COLLECTED DATA>
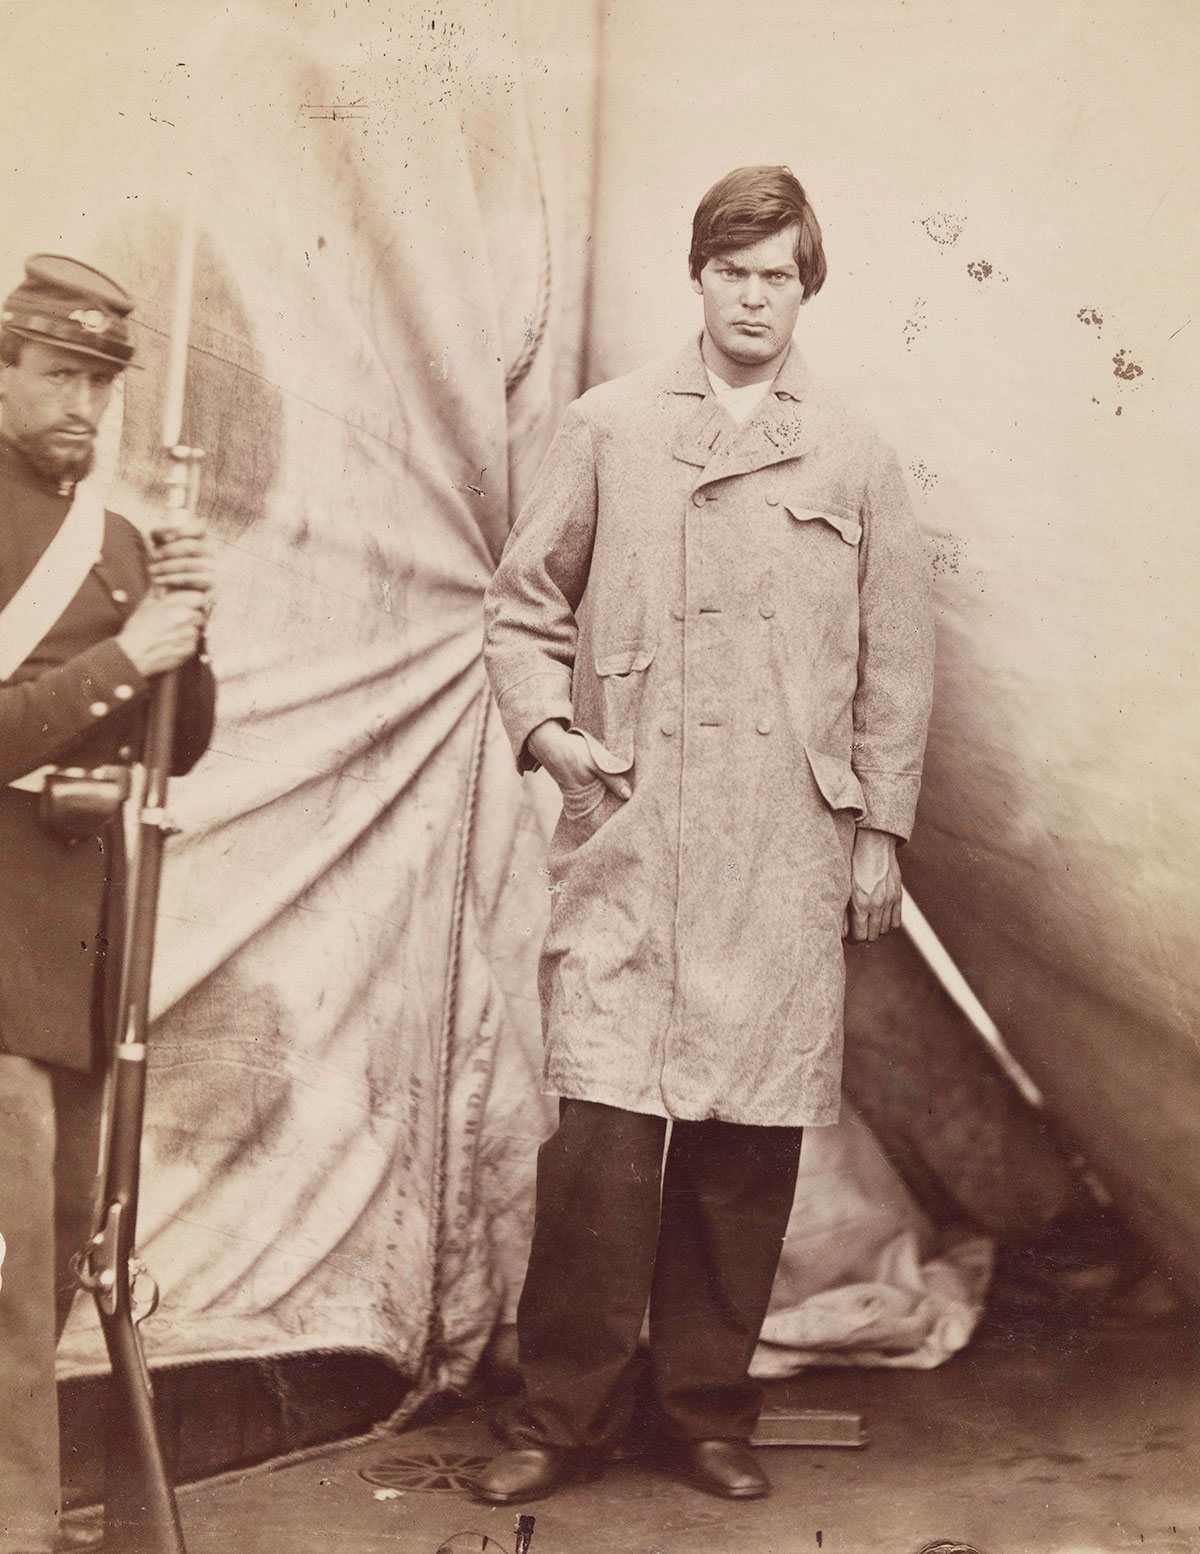 Portrait of Lewis Powell by Alexander Gardner, April 27, 1865
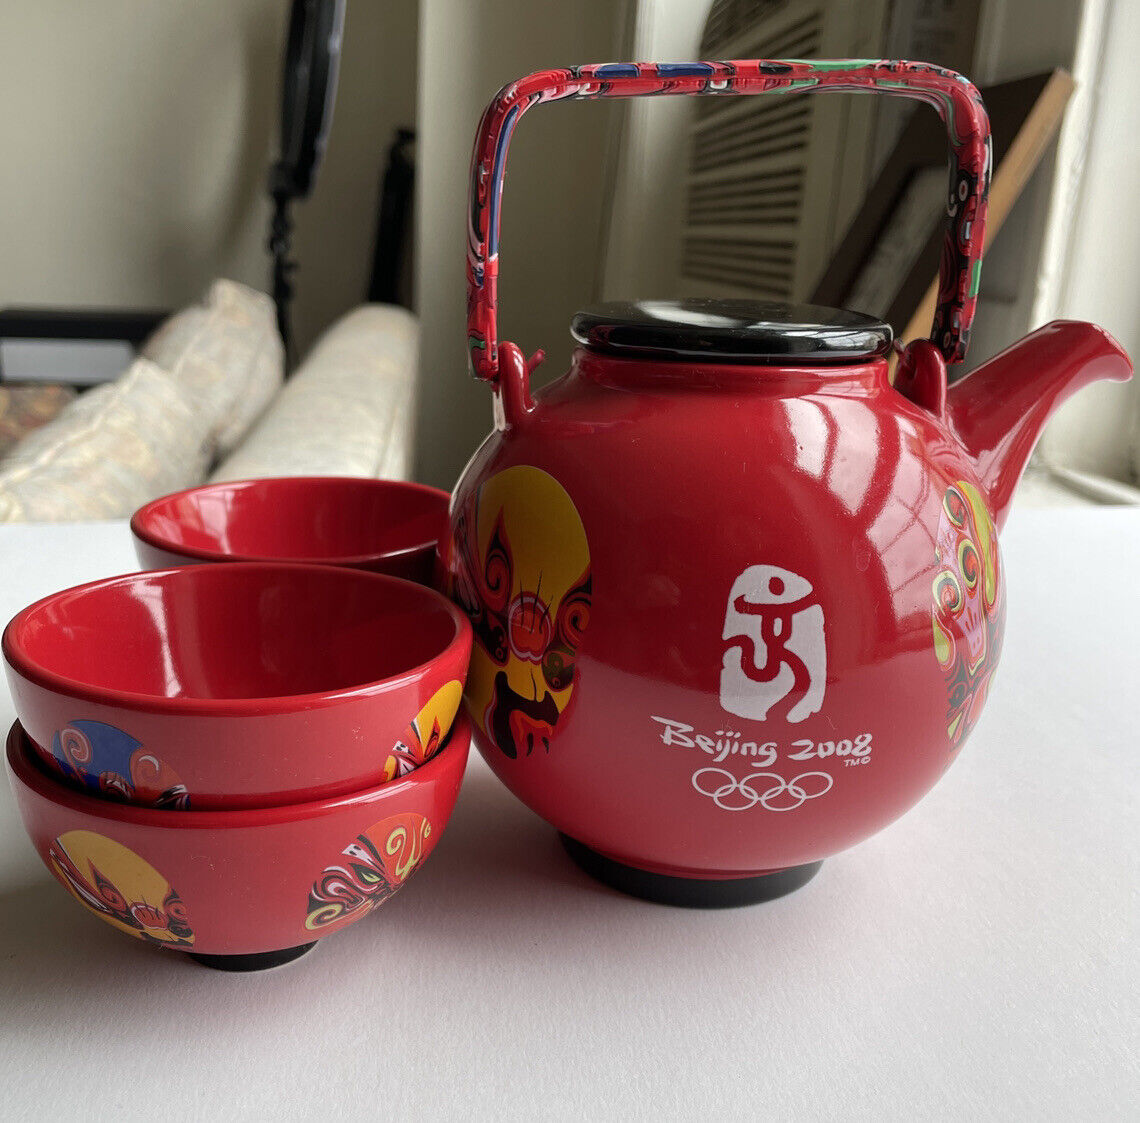 Beijing Olympics 2008 Red Tea Pot + 4 Cups Set
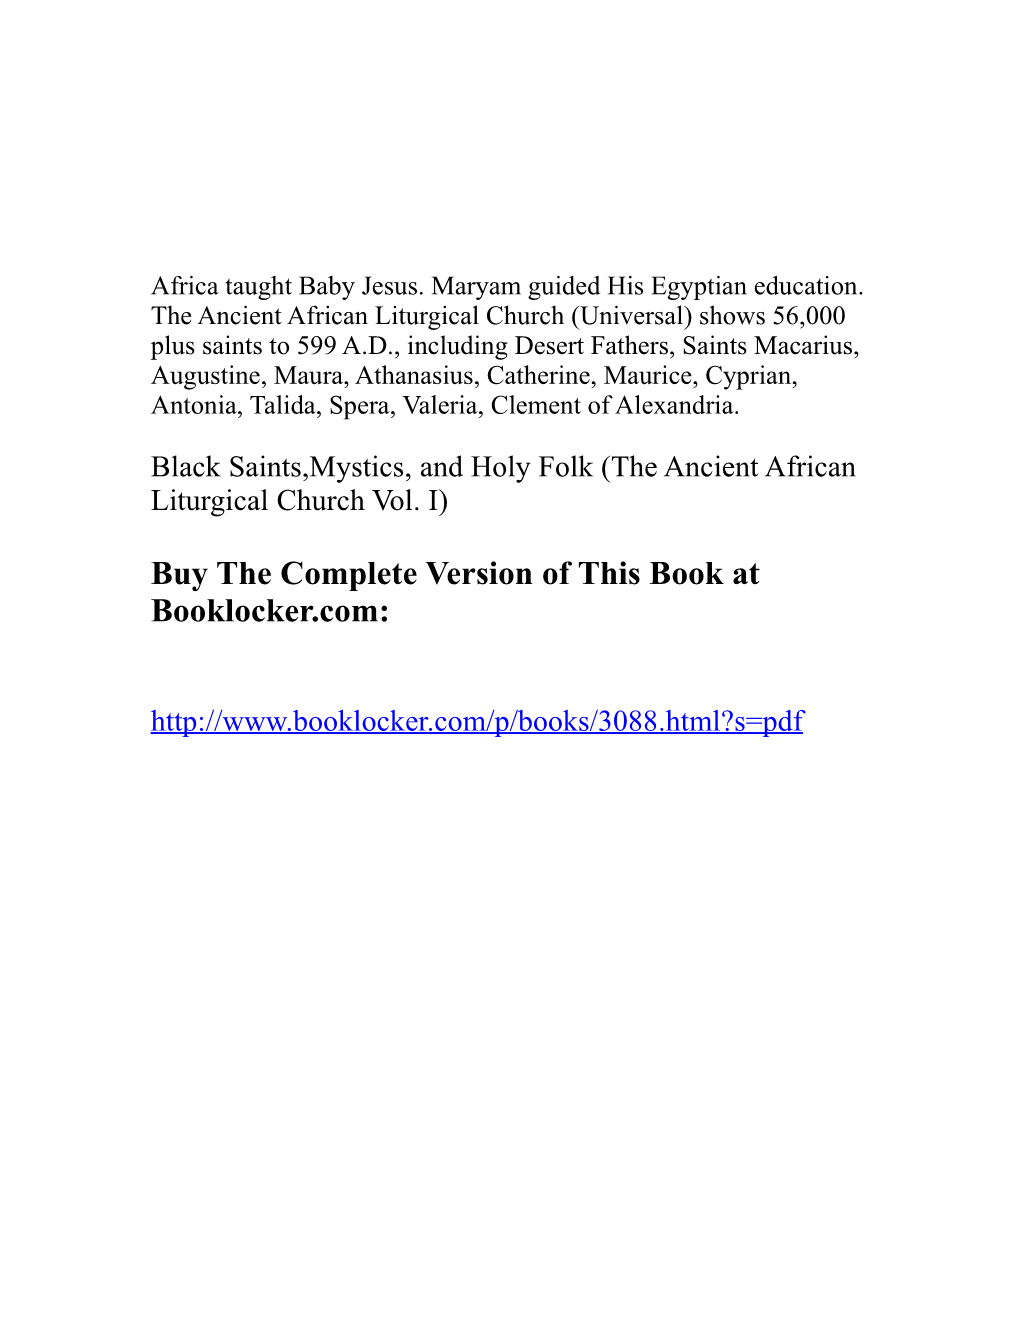 Black Saints,Mystics, and Holy Folk (The Ancient African Liturgical Church Vol

EXERCISE INSTRUCTIONS> Copy out the listing above in full and keep the pictures out.

SOLVED PROBLEM>
 Portrait of Lewis Powell by Alexander Gardner, April 27, 1865
 Beijing Olympics 2008 Red Tea Pot + 4 Cups Set
 Black Saints,Mystics, and Holy Folk (The Ancient African Liturgical Church Vol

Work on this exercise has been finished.